Барьер здесь толкает на то, чтобы прослеживать один за другим уменьшающиеся отрезки пути, которые проделывает стрекоза, и суммировать их. Между тем есть более простое решение, которое маскируется барьером, а именно: определить время до встречи поездов (и следовательно, время пребывания стрекозы в полете).
Совершенно аналогичный барьер мы встречаем в другой задаче: с определенной угловой скоростью вращается диск заданного диаметра. Вдоль его диаметра от одного края диска к противоположному непрерывно с постоянной скоростью летает муха, совершая причудливую траекторию. Спрашивается: какова будет длина проделанной мухой в течение часа траектории, если пренебречь временем посадки мухи на край вращающегося диска? Решение задачи и здесь сводится к учету времени полета мухи с известной скоростью.
Примером аналогичной запутанности условий может служить следующий. Дается задача: 7 рыбаков съедают 7 осетров в 7 дней. За сколько дней 100 рыбаков съедят 100 осетров? Барьер подсказывает — за 100 дней, тогда как ответ: за те же 7 дней.

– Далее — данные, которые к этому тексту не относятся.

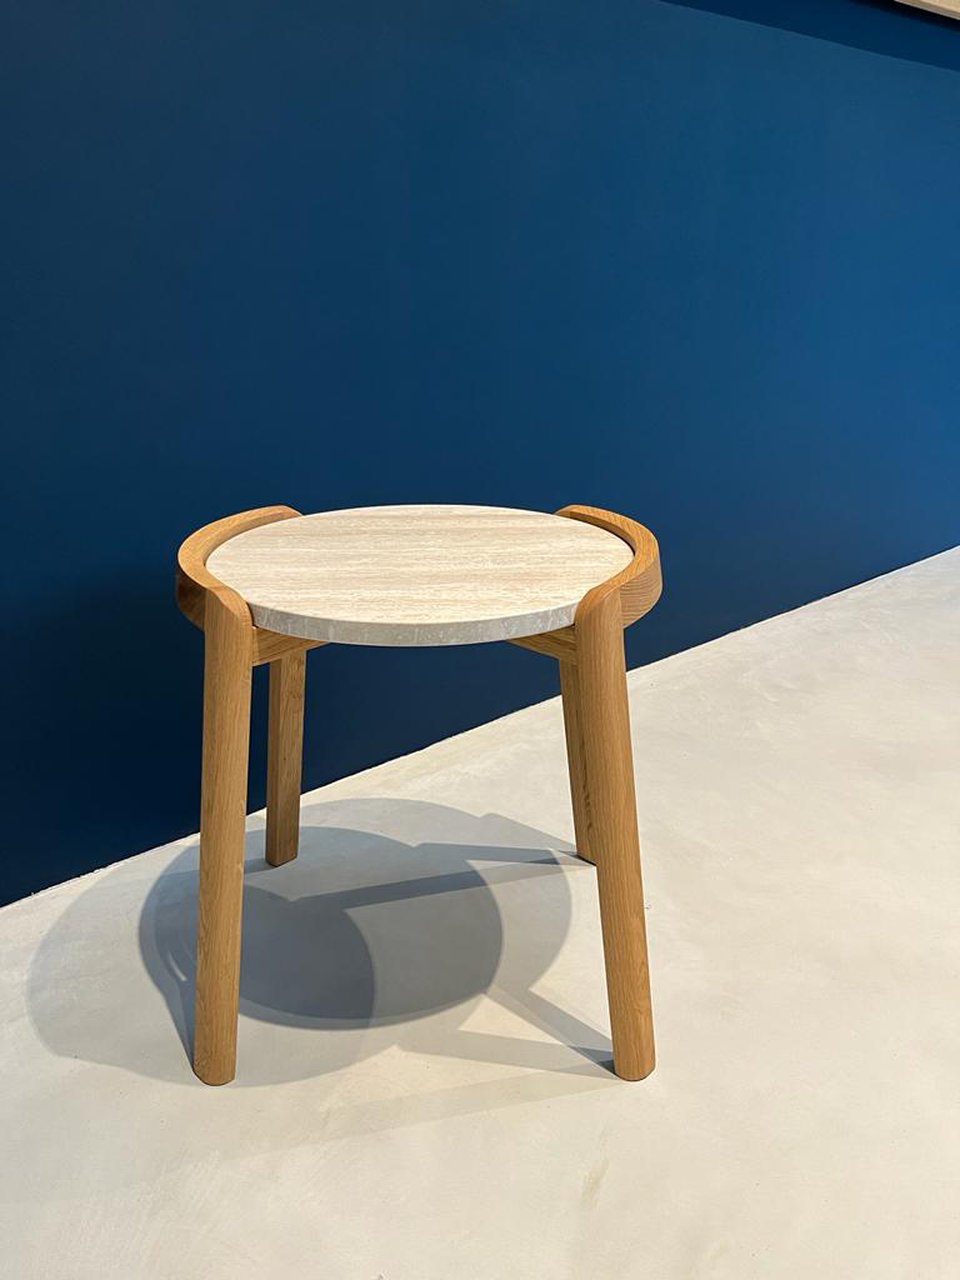 Bolia MIX side table 46cm natural oak with travertine top image 1

Трамплином ко всем такого рода задачам служит один и тот же прием, а именно удаление, исключение из условий задачи того материала, который был введен в нее умышленно, чтобы осложнить ее решение и запутать испытуемого. Но для этого последний должен догадаться, что задающий ему задачу намеренно пытался его запутать.
Точно так же барьер в задаче с рыбаками, съедающими рыбу, легко преодолевается, если цифра 7 не будет повторяться 3 раза, толкая испытуемого на то, чтобы определить, сколько один рыбак съест рыбы в 1 день. Это легко сделать, если сказать, что 7 человек съедают 7 рыб за какую-то единицу времени (скажем, за неделю), следовательно, по 1 рыбе на человека. Отсюда прямо вытекает ответ на заданный вопрос.
Барьеры подмены разнородного. Оба предшествующих типа барьеров требуют порой длительного повторения вычислительных операций для своего формирования и хотя бы временного закрепления в сознании испытуемого. Напротив, барьеры, основанные на быстром переходе от приемов одного порядка к приемам совершенно иного порядка, могут возникать мгновенно, сразу же после первого испытания.
Таков барьер, основанный на смене приемов языкового общения, а именно звуковой речи на речь жестов. Задача: «В магазин приходит немой. Каким жестом он покажет продавцу, что ему нужен молоток?» От слушателей требуется, чтобы они движением руки, кисть которой сжата в кулак, имитировали вбивание гвоздя. После этого задача продолжается: «А теперь в тот же магазин приходит слепой. Как он даст знать продавцу, что ему нужны ножницы?» Слушатели в ответ поднимают руку и, раздвигая и сдвигая два пальца, имитируют движение ножниц.
Барьер, возведенный с самого начала как переход от звуковой речи к речи жестов, закрепляется у слушателей, как правило, сразу же. Между тем ясно, что слепому, способному говорить, вовсе не требуется прибегать к языку жестов.
Аналогичный же барьер возникает, когда внимание испытуемого с вычислительной стороны вопроса переносится на грамматическую, этимологическую. Здесь мы имеем пример, обратный тем, которые были разобраны выше. Задача: «Как надо сказать: дважды два есть пять, суть пять, равно пяти или просто пять?»
Здесь барьер отделяет и устраняет из поля зрения как раз вычислительную сторону вопроса, намеренно фиксируя лишь его грамматическую сторону.
Как правило, барьер работает в этом случае у большинства опрашиваемых. Я задавал эту задачу специалистам-математикам, в том числе и зарубежным, и убеждался, что барьер работает и у них так же, как у обычных людей. Такова другая, еще более простая задача: «Как надо написать словами: пять и семь — адиннадцать или одиннадцать?» Но это только для школьников!
На подобном же барьере-подмене построена задачка для детей младшего возраста: «Шел дождь и два студента. Сколько всего?»
Барьер-подмена фигурирует, например, в «Недоросле» Фонвизина, когда Митрофанушка на вопрос: «Дверь — какая часть речи?» — отвечает: «Котора дверь? Если эта, то прилагательное, а если та, что стоит в сарае, то пока существительное». Здесь грамматика подменяется отношением реальных вещей.